Réforme éducative : Les nouveaux dispositifs pédagogiques gelés, sauf ceux du primaire
Le ministère de l’Éducation nationale a mis un terme, mercredi, à plusieurs jours de confusion autour de la réforme des programmes scolaires annoncée cet été. Dans un communiqué officiel, le département de Mohamed Seghir Sadaoui a confirmé que l’ensemble des nouvelles dispositions pédagogiques décidées en juillet dernier restent gelées, à l’exception de celles concernant le cycle primaire, seules validées à ce jour par le Conseil des ministres.
Le texte du ministère intervient à cinq jours seulement de la rentrée scolaire, fixée au 21 septembre, et vise à clarifier une situation devenue confuse après la diffusion d’informations contradictoires dans la presse et sur les réseaux sociaux. Le ministère y précise noir sur blanc qu’« à l’exception des dispositions relatives à l’enseignement primaire, qui ont été approuvées par le Conseil des ministres, toutes les autres dispositions ont été suspendues en vertu d’une décision du Conseil des ministres » datée du 6 septembre 2026, et ce jusqu’à leur validation ultérieure par cette même instance.
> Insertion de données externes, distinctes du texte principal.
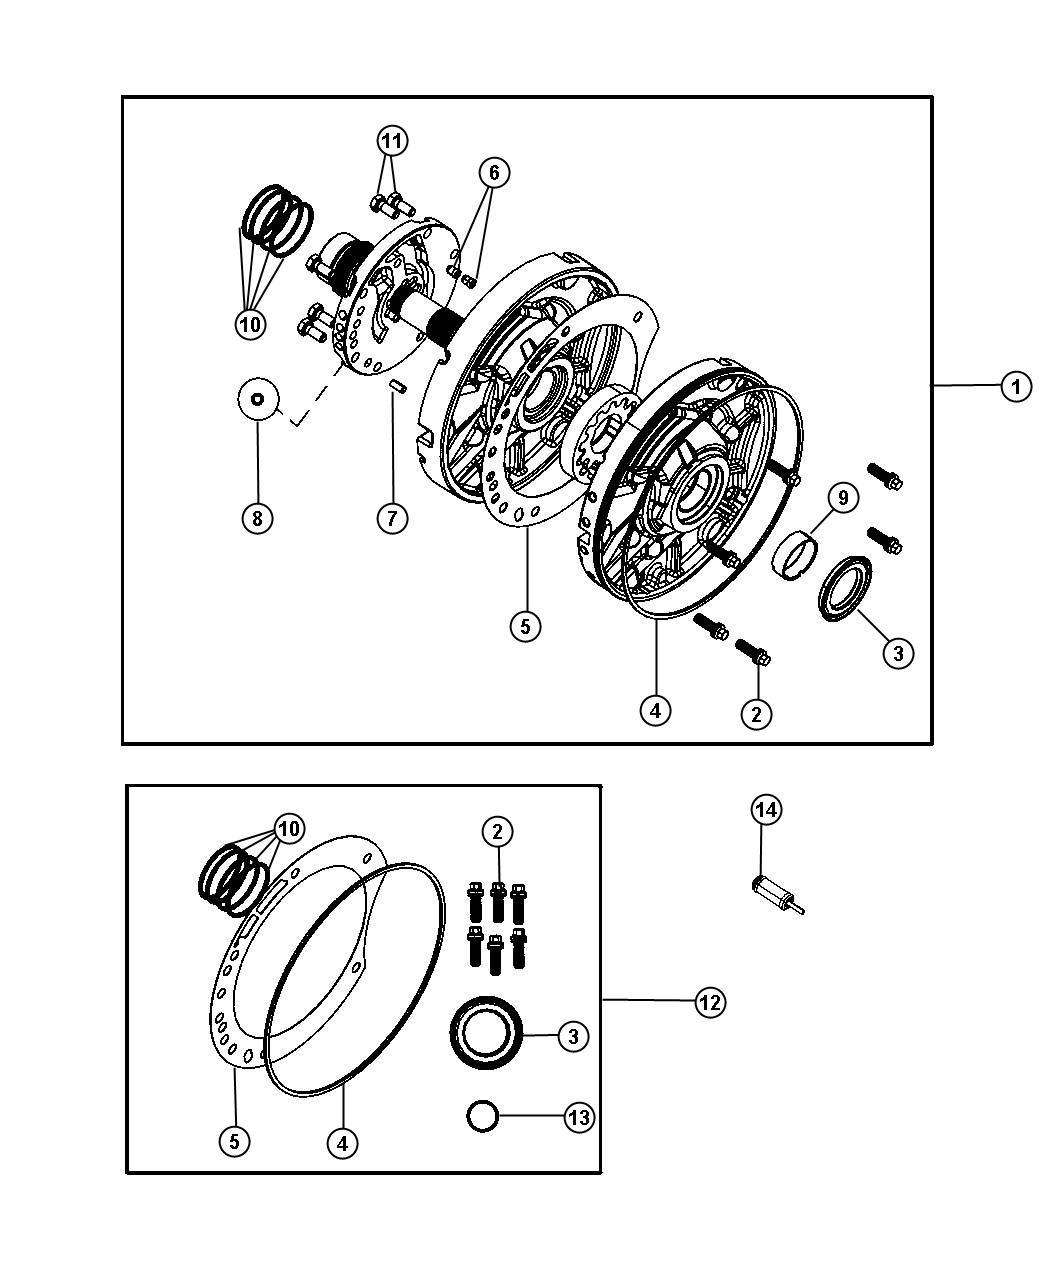 Jeep Wrangler Gasket Transmission Oil Pump Transmission Oil Pump Mounting Oil Pump

Le ministère a également tenu à rappeler qu’aucune mesure touchant le secteur de l’éducation ne saurait entrer en vigueur sans avoir, au préalable, reçu l’aval du Conseil des ministres.
Cette mise au point fait suite à l’annonce, fin juillet, d’un ensemble de changements pédagogiques qui avait suscité une vive controverse. Parmi les mesures les plus commentées figurait le remplacement du français par l’anglais comme première langue étrangère enseignée dès la troisième année du primaire, ainsi que la révision des volumes horaires et des coefficients de certaines matières au lycée, dont la philosophie. Face à la polémique, le président de la République, Abdelmadjid Tebboune, avait tranché le 6 septembre en rappelant que toute réforme structurante du secteur éducatif devait obligatoirement passer par le Conseil des ministres, appelant par la même occasion à préserver l’école de toute forme d’ingérence idéologique. Trois jours plus tard, le 9 septembre, le ministre Sadaoui avait instruit les directeurs de l’éducation de wilaya de mettre en application, sans délai, les orientations présidentielles, dans le but de tenir l’institution scolaire à l’écart de « tout courant idéologique » et de « tout conflit politique stérile », de manière à recentrer le débat sur les seules considérations pédagogiques. Le lendemain, il avait annoncé l’annulation pure et simple de sa note du 28 juillet 2026, celle-là même qui fixait les nouveaux volumes horaires et coefficients pour le secondaire et l’enseignement technique.
Restait toutefois une zone d’ombre à savoir le sort réservé à l’enseignement de l’anglais en primaire. Le communiqué de mercredi lève cette ambiguïté en confirmant, sans le formuler de façon frontale, que le basculement du français vers l’anglais dès la troisième année primaire est maintenu, puisque cette disposition a bien été entérinée par le Conseil des ministres. Le français, de son côté, ne sera introduit qu’à partir de la quatrième année, une bascule calendaire qui ne prendra pleinement effet qu’à la rentrée 2027-2028.
Pour l’heure, c’est donc l’architecture pédagogique du primaire, seule validée, qui servira de cadre à la rentrée du 21 septembre, tandis que le reste des réformes annoncées cet été demeure suspendu à un futur arbitrage du Conseil des ministres.